By Dr. Arnaud Antkowiak
l’Université Pierre et Marie Curie (Paris, France)
http://www.ida.upmc.fr/~antkowiak/))
Monday 9th of December 2013 – 14:00 / Room ME B10
Abstract:
Fluid-structure interactions are usually associated with elastic deformations imparted by the surrounding fluid’s inertia: flag fluttering, vocal folds vibrations, submarine cable oscillations…
At smaller scale though, a new type of fluid-structure interactions can arise. In the presence of interfaces, capillary forces may overcome inertial effects and become responsible for the
deformation imparted to surrounding elastic substrates.
These elastocapillary phenomena are all the more important that the length scales are small and/or the substrate is soft.
This makes them particularly relevant in the biological (neonatal pulmonary collapse, insect adhesion…) or microfabrication contexts.

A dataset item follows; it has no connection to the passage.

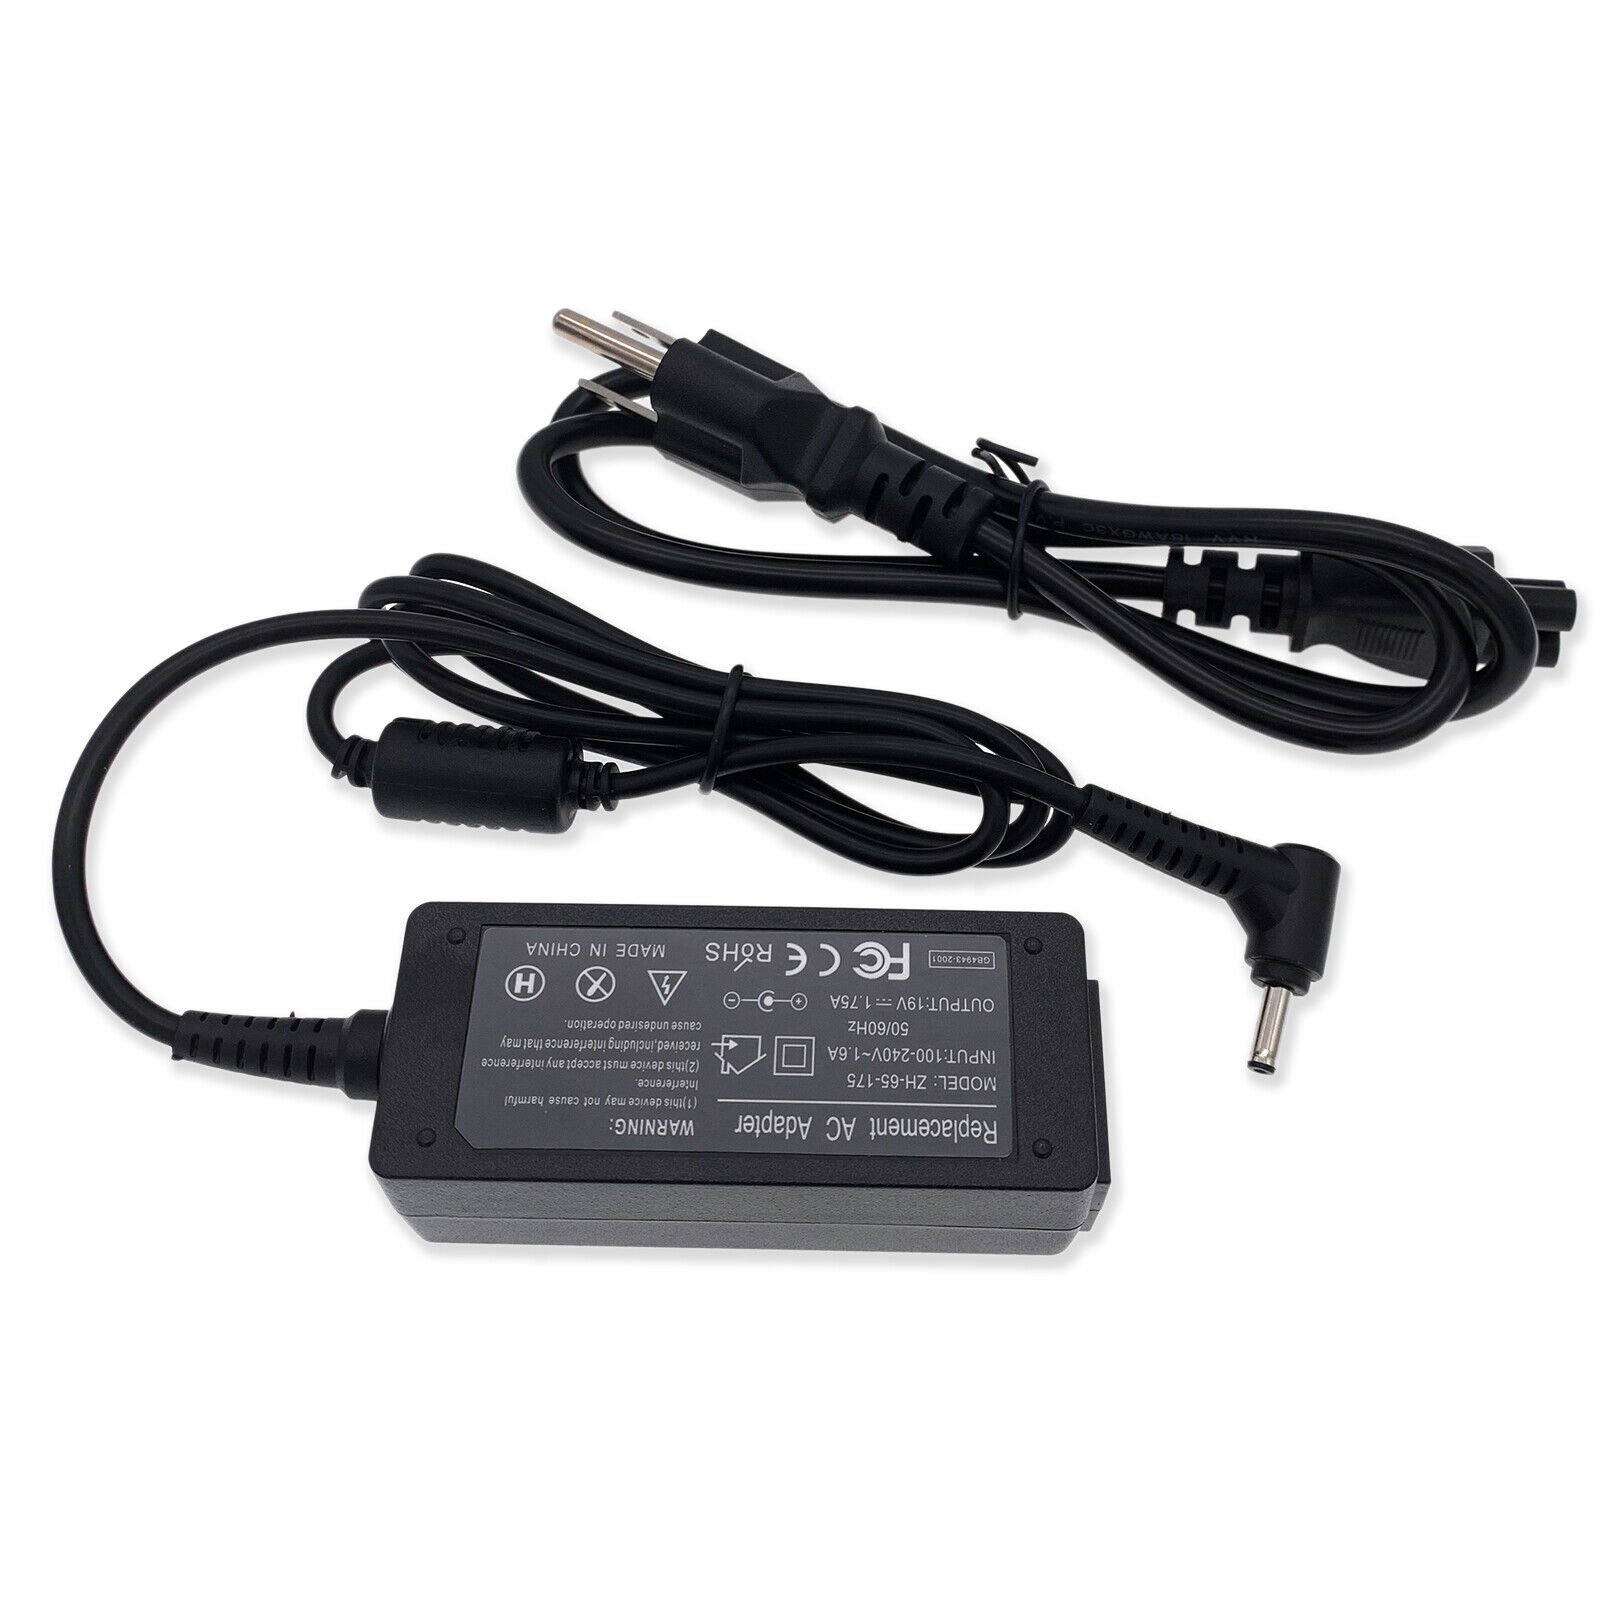 For ASUS E410 E410M E410MA E410MA-TB Laptop Charger AC Adapter Power Supply Cord

After reviewing the last developments in the area, I will illustrate some of the elastocapillarity specifics by presenting three experiments exhibiting this particular solid-fluid coupling:
• 3D object formation and dynamical shape selection by impacting a drop over a soft membrane;
• snapping of an elastic arch with capillary forces;
• extraction of a soft object sticking to a liquid surface;
I will particularly focus on the dynamics of these phenomena and their instabilities, making elastocapillary settings clearly distinct from purely elastic or purely fluid systems.
Arnaud Antkowiak (http://www.ida.upmc.fr/~antkowiak/) is an Assistant Professor at Université Pierre et Marie Curie (Paris, France). His research interests focus on the violently deformed liquid-gas interfaces, such as torn thin liquid films, drop splashes or liquid fragmentation. He is also interested in capillarity-induced deformations of soft and/or thin elastic objects, and is currently investigating the role of these elastocapillary interactions in biological systems.